Prompt >> Each line of the listing below must be retyped exactly, with images left out.

Dataset content >>
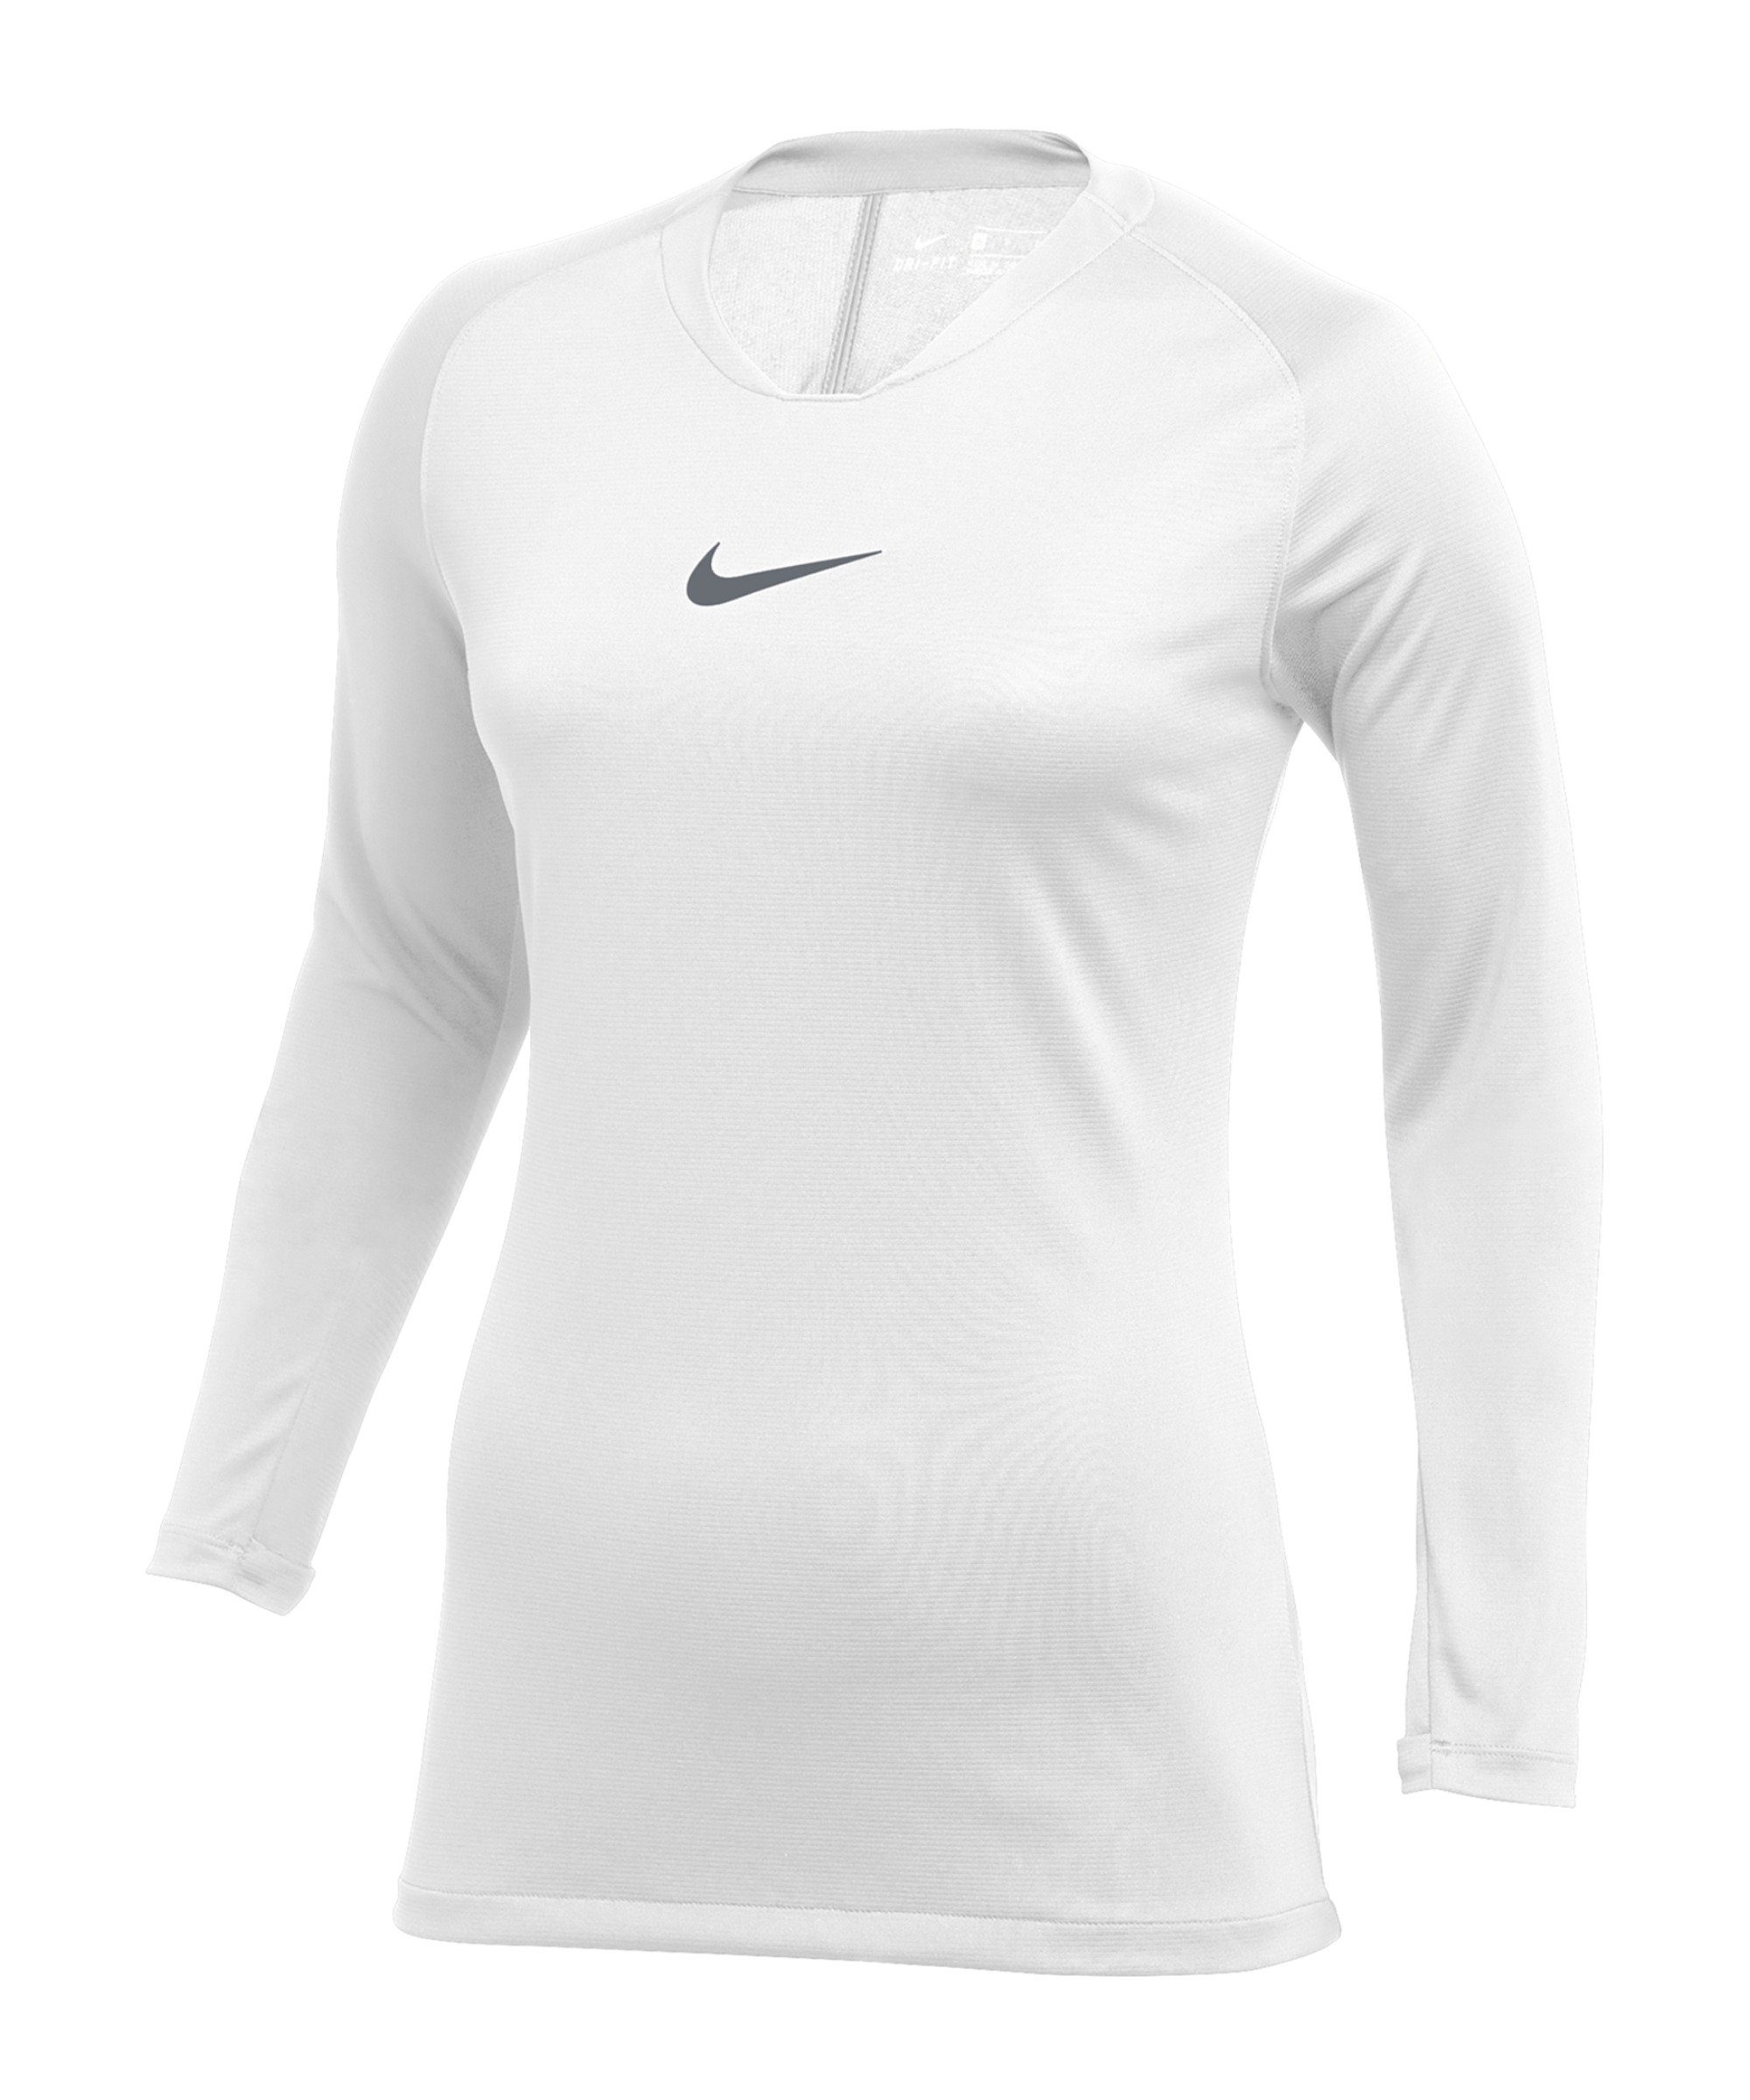 Park Nike Layer Damen weissgrau default Funktionsshirt First
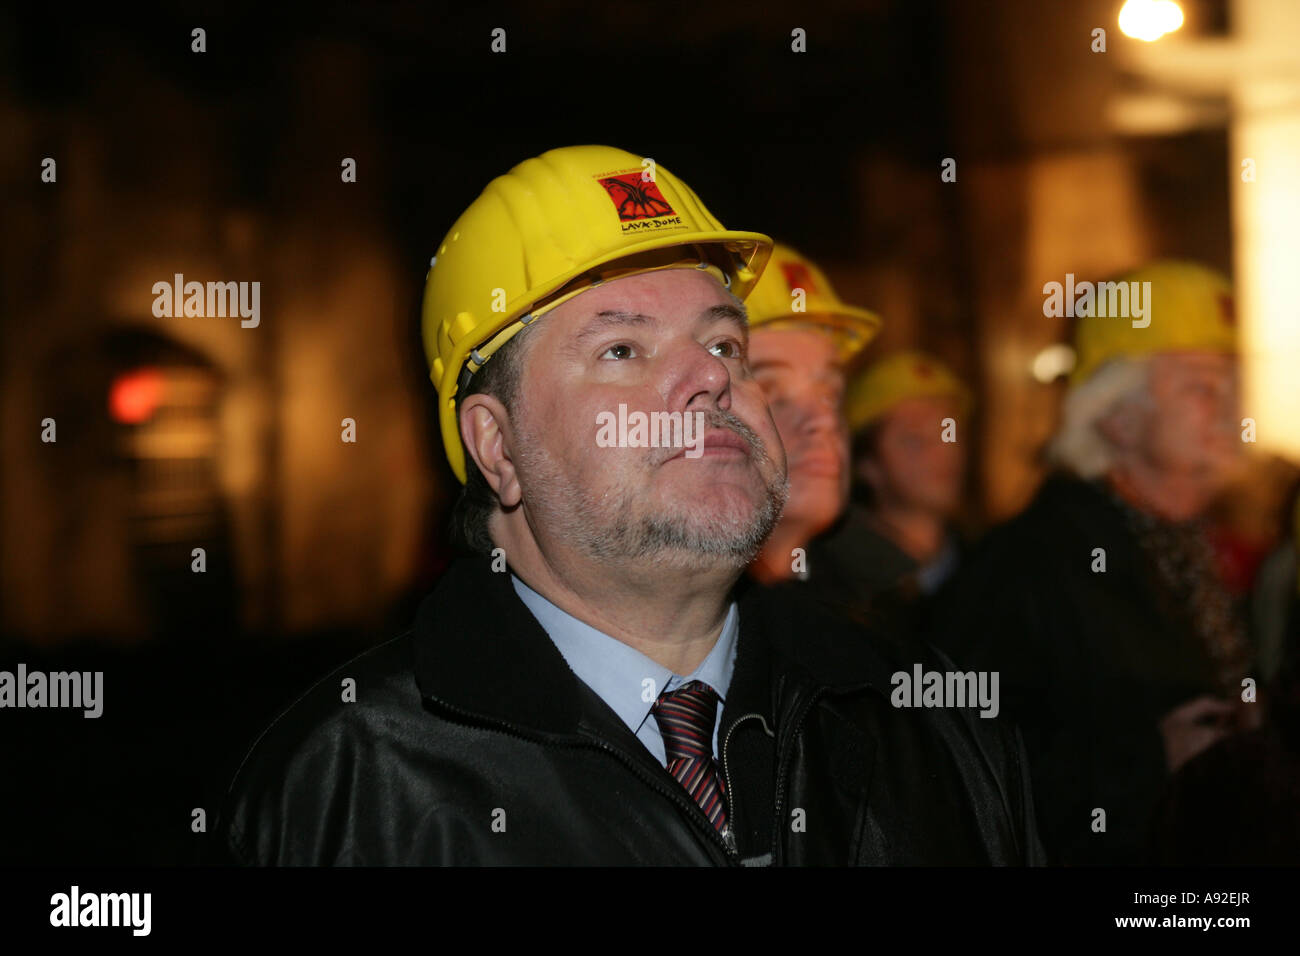 El presidente del partido social demócrata de Alemania, y el primer ministro de Renania-Palatinado Kurt Beck en una mina cerca de mostrar Foto de stock
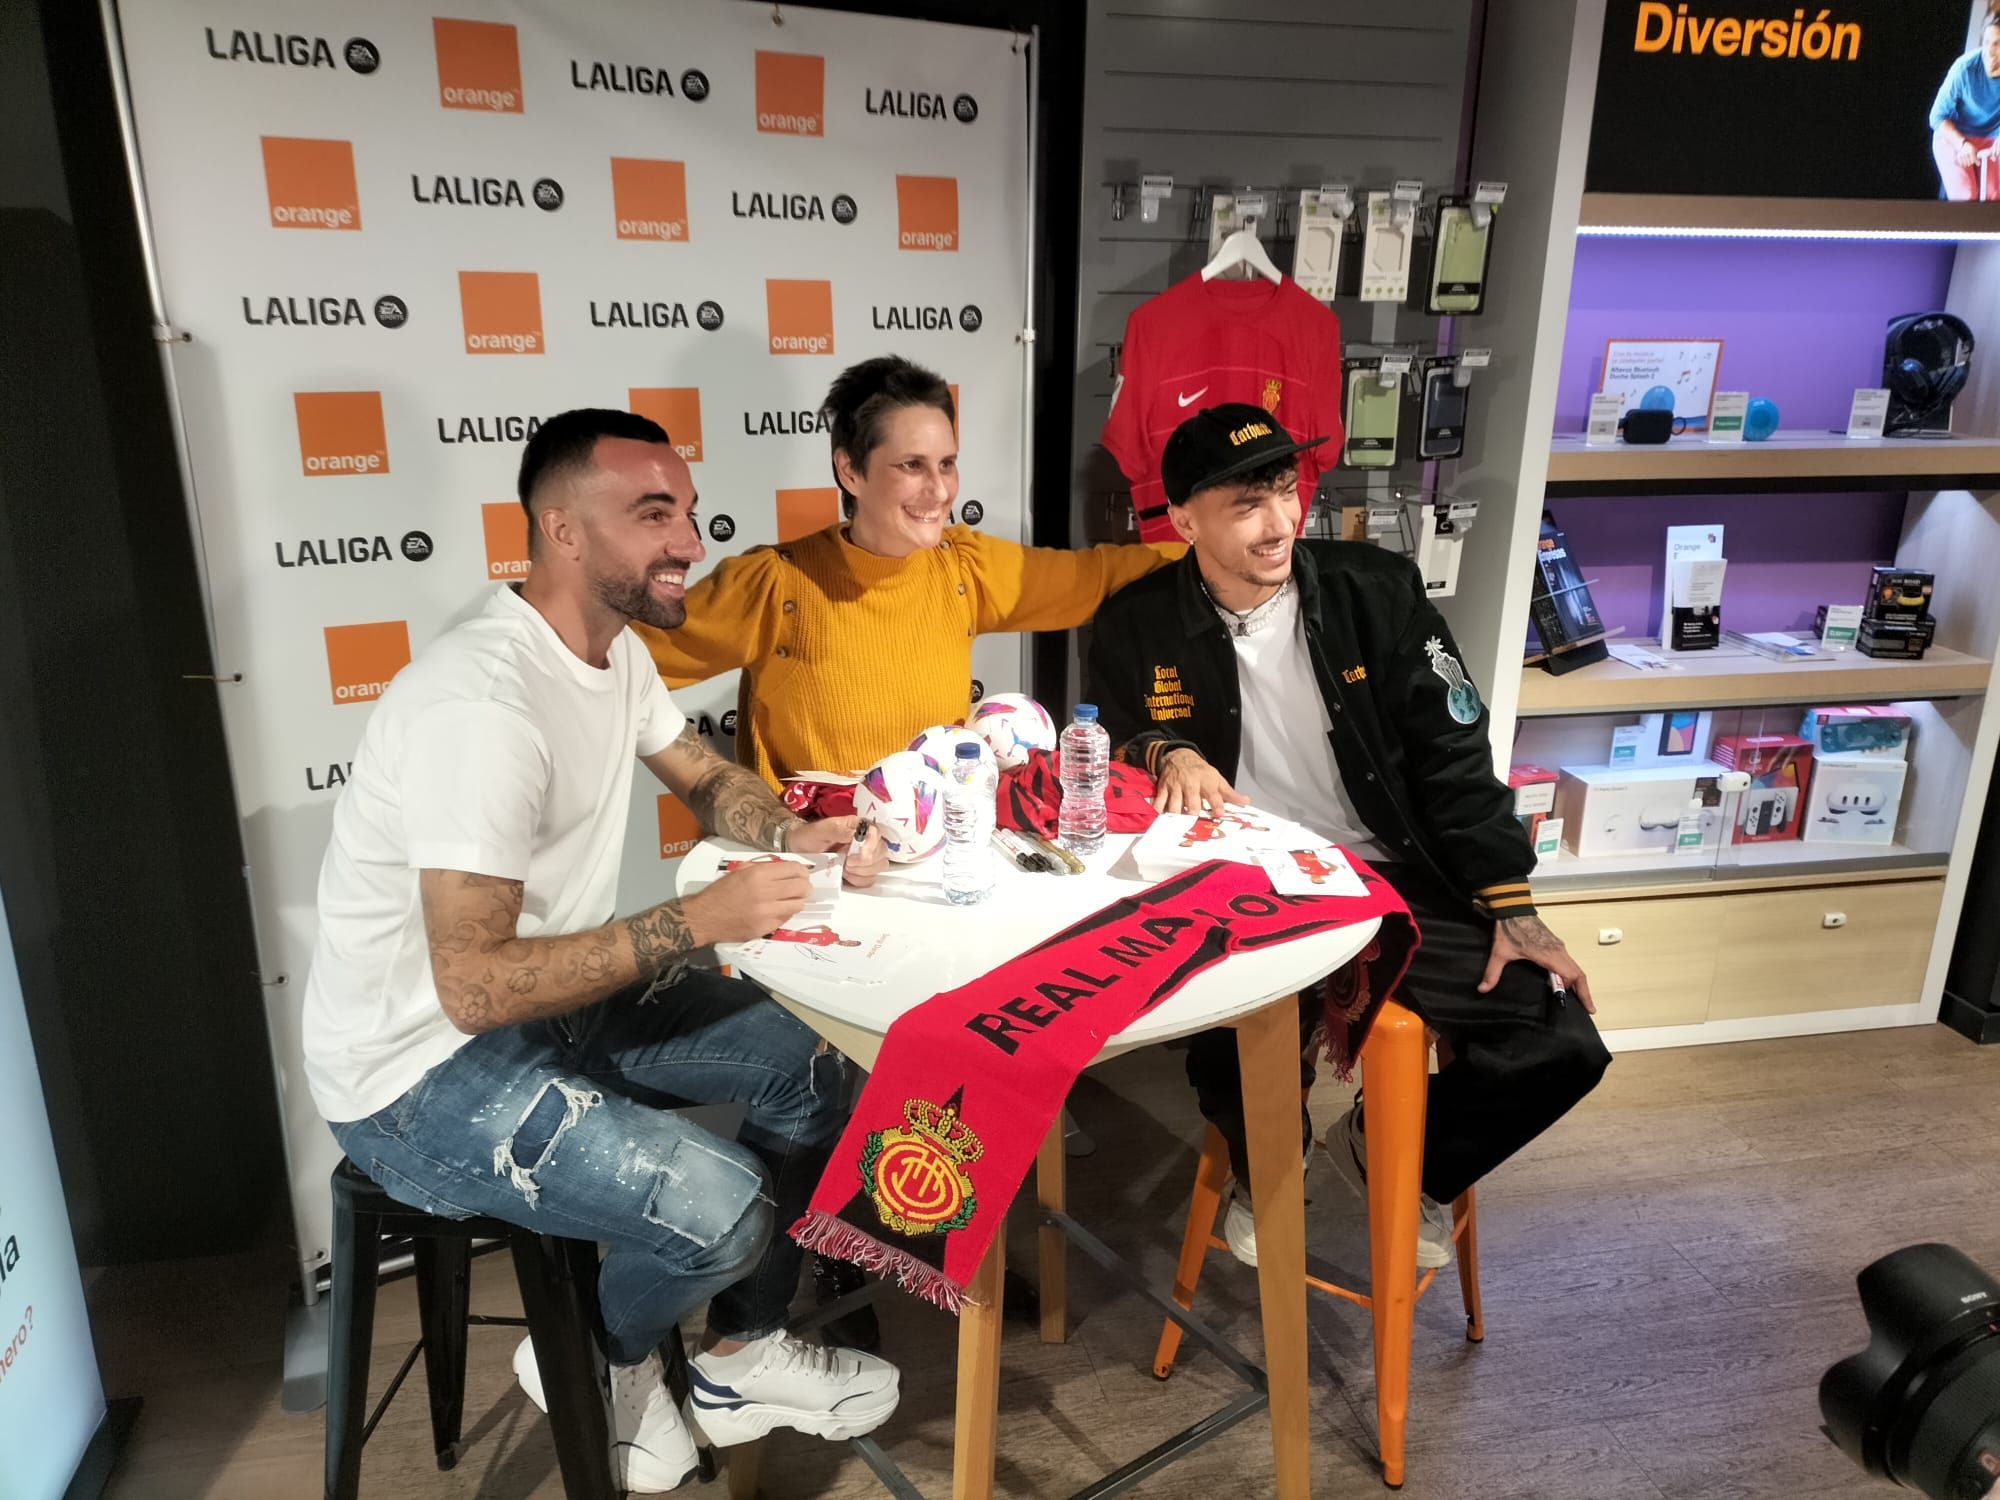 Firma de autógrafos de Sergi Darder y Antonio Sánchez, jugadores del Mallorca

Answer area >>
 Park Nike Layer Damen weissgrau default Funktionsshirt First
 El presidente del partido social demócrata de Alemania, y el primer ministro de Renania-Palatinado Kurt Beck en una mina cerca de mostrar Foto de stock
 Firma de autógrafos de Sergi Darder y Antonio Sánchez, jugadores del Mallorca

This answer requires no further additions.